Problem description:
Repeat the listing word for word. Leave every picture out.

Provided material:
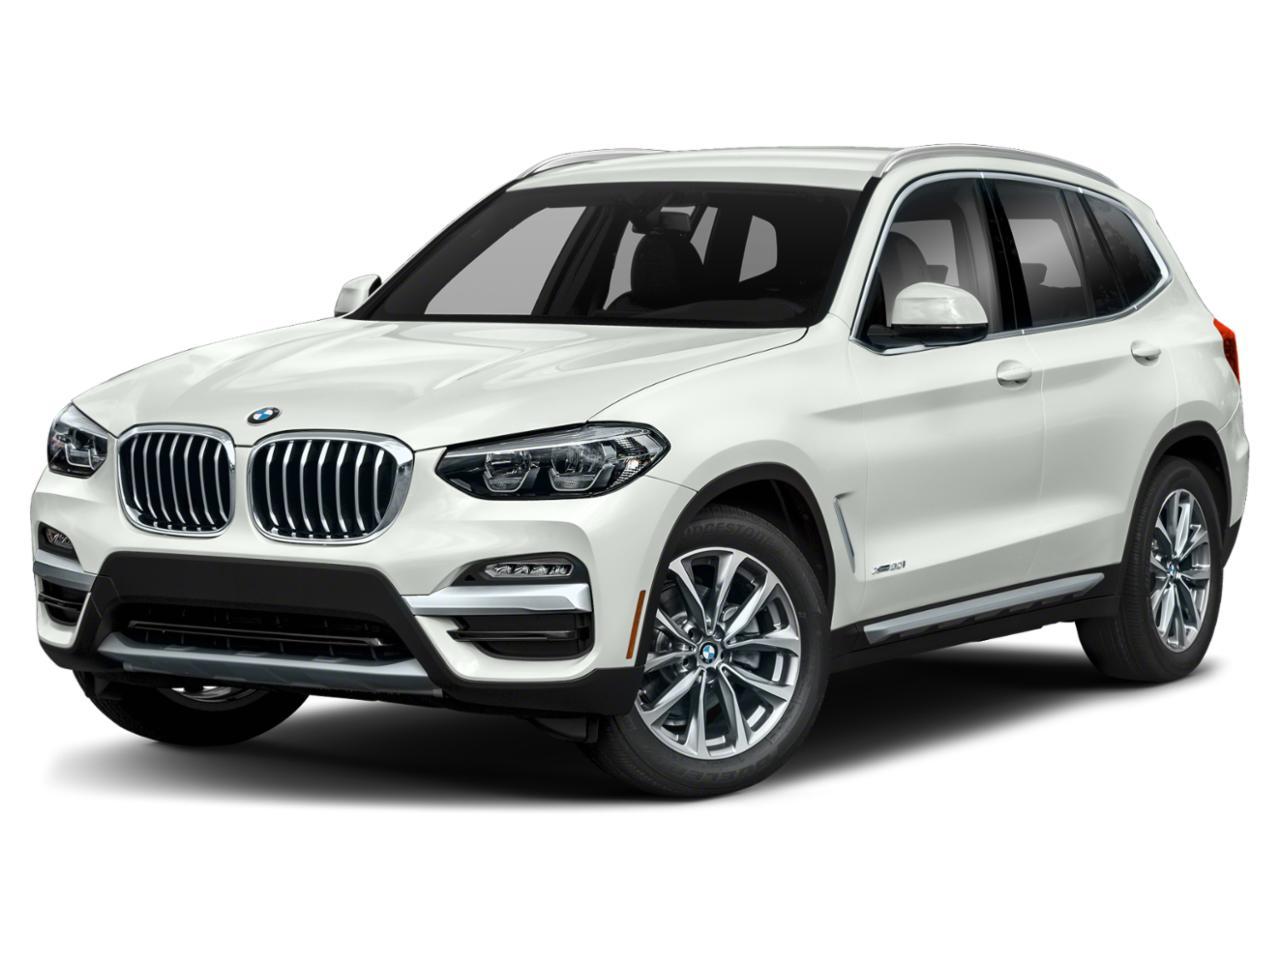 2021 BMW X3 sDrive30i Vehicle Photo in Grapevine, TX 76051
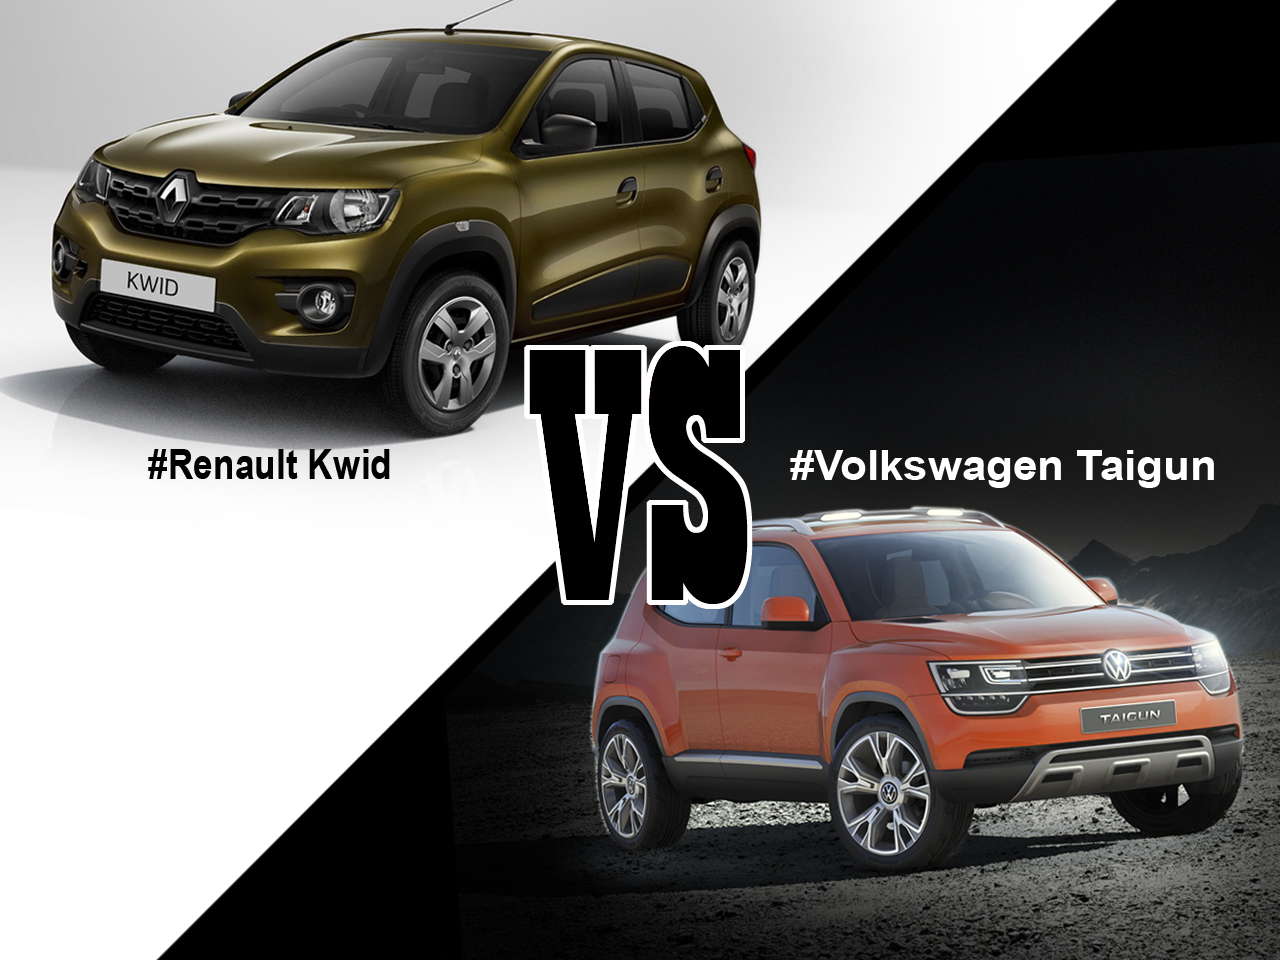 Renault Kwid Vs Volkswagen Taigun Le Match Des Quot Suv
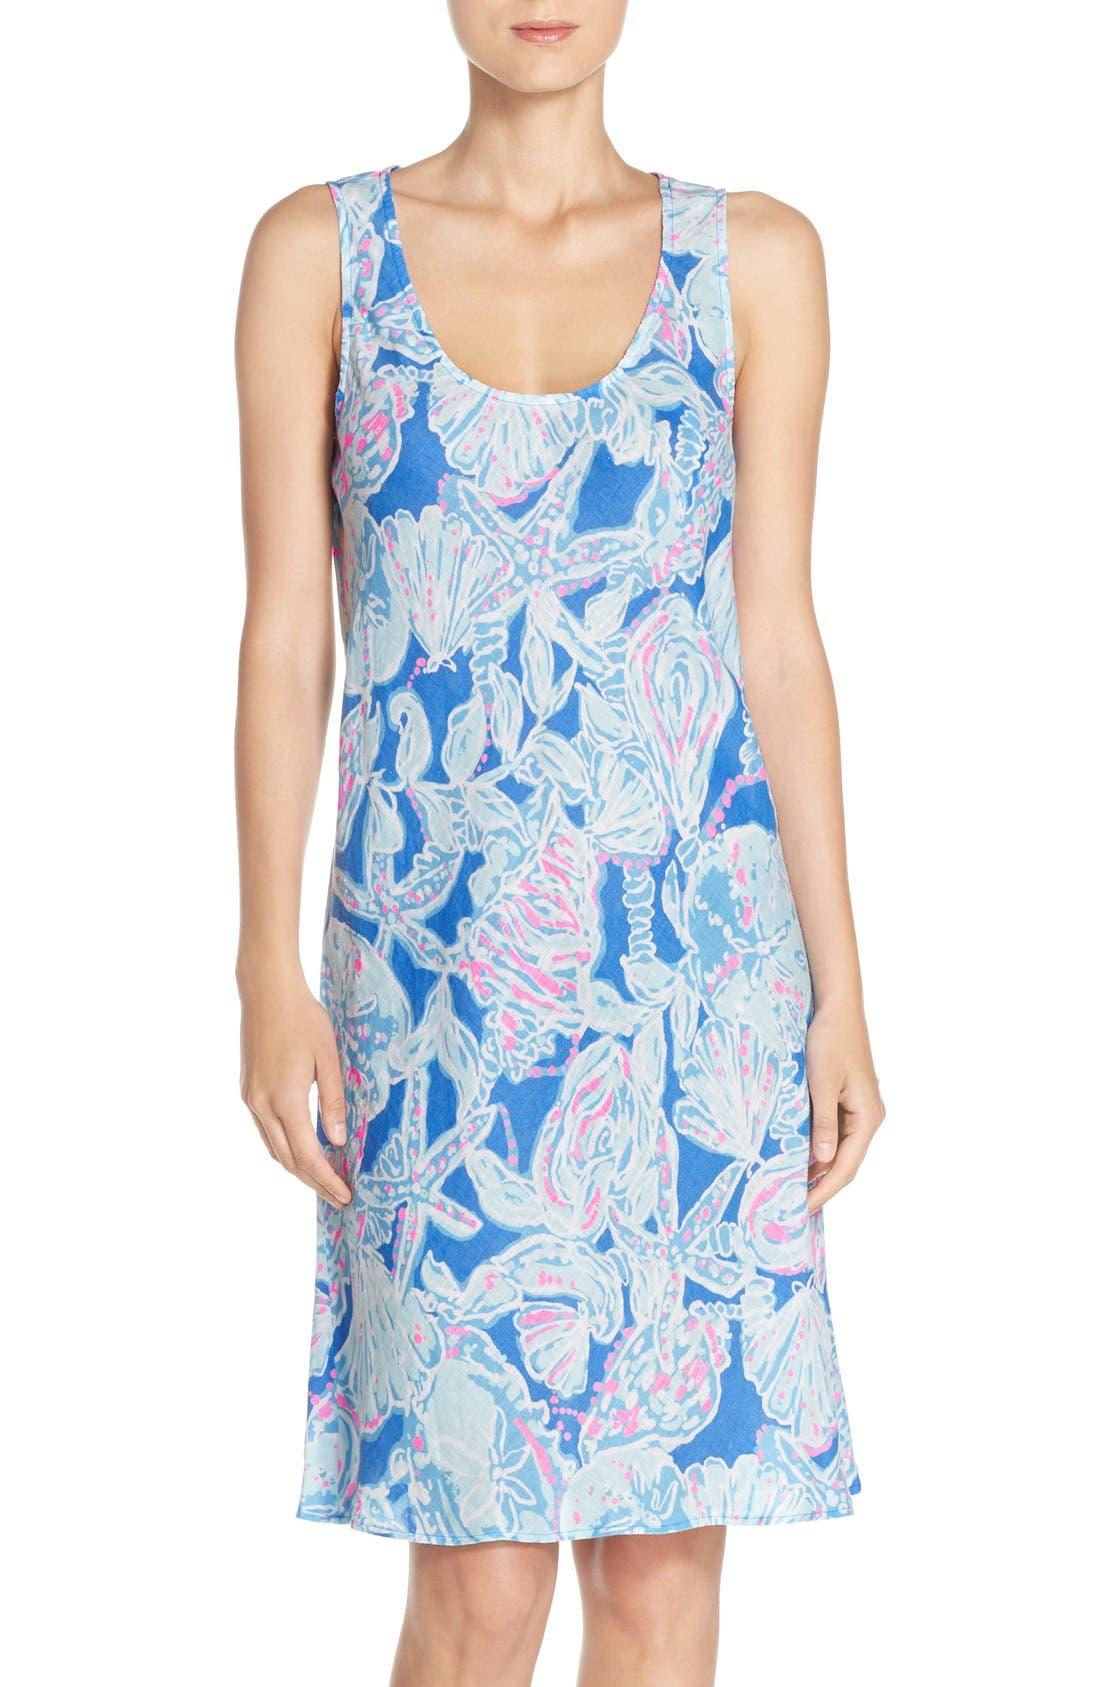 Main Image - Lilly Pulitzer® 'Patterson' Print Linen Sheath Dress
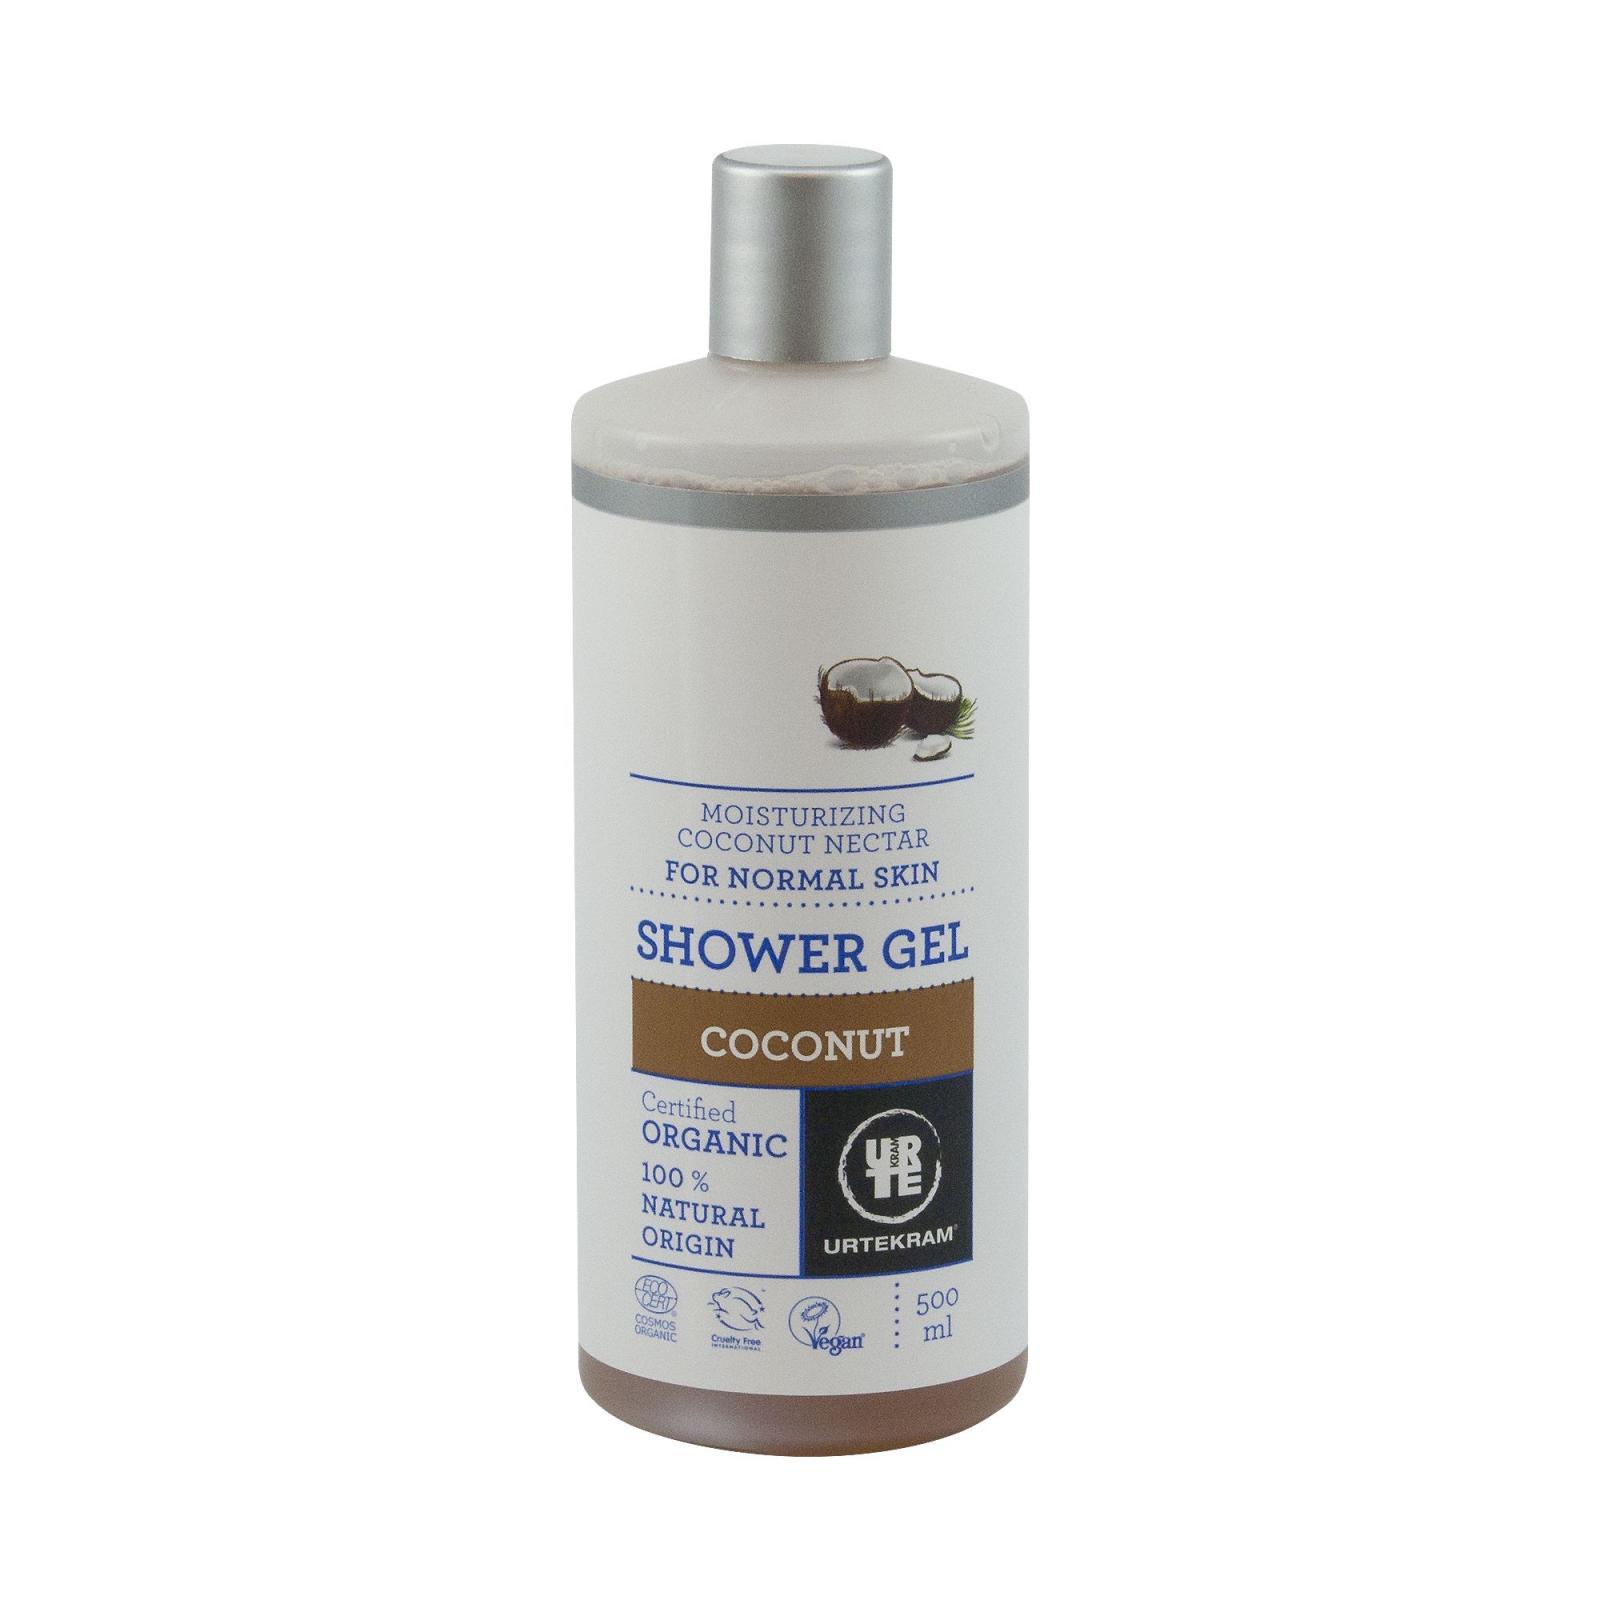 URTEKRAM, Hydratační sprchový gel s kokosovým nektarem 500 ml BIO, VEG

The answer:
 2021 BMW X3 sDrive30i Vehicle Photo in Grapevine, TX 76051
 Renault Kwid Vs Volkswagen Taigun Le Match Des Quot Suv
 Main Image - Lilly Pulitzer® 'Patterson' Print Linen Sheath Dress
 URTEKRAM, Hydratační sprchový gel s kokosovým nektarem 500 ml BIO, VEG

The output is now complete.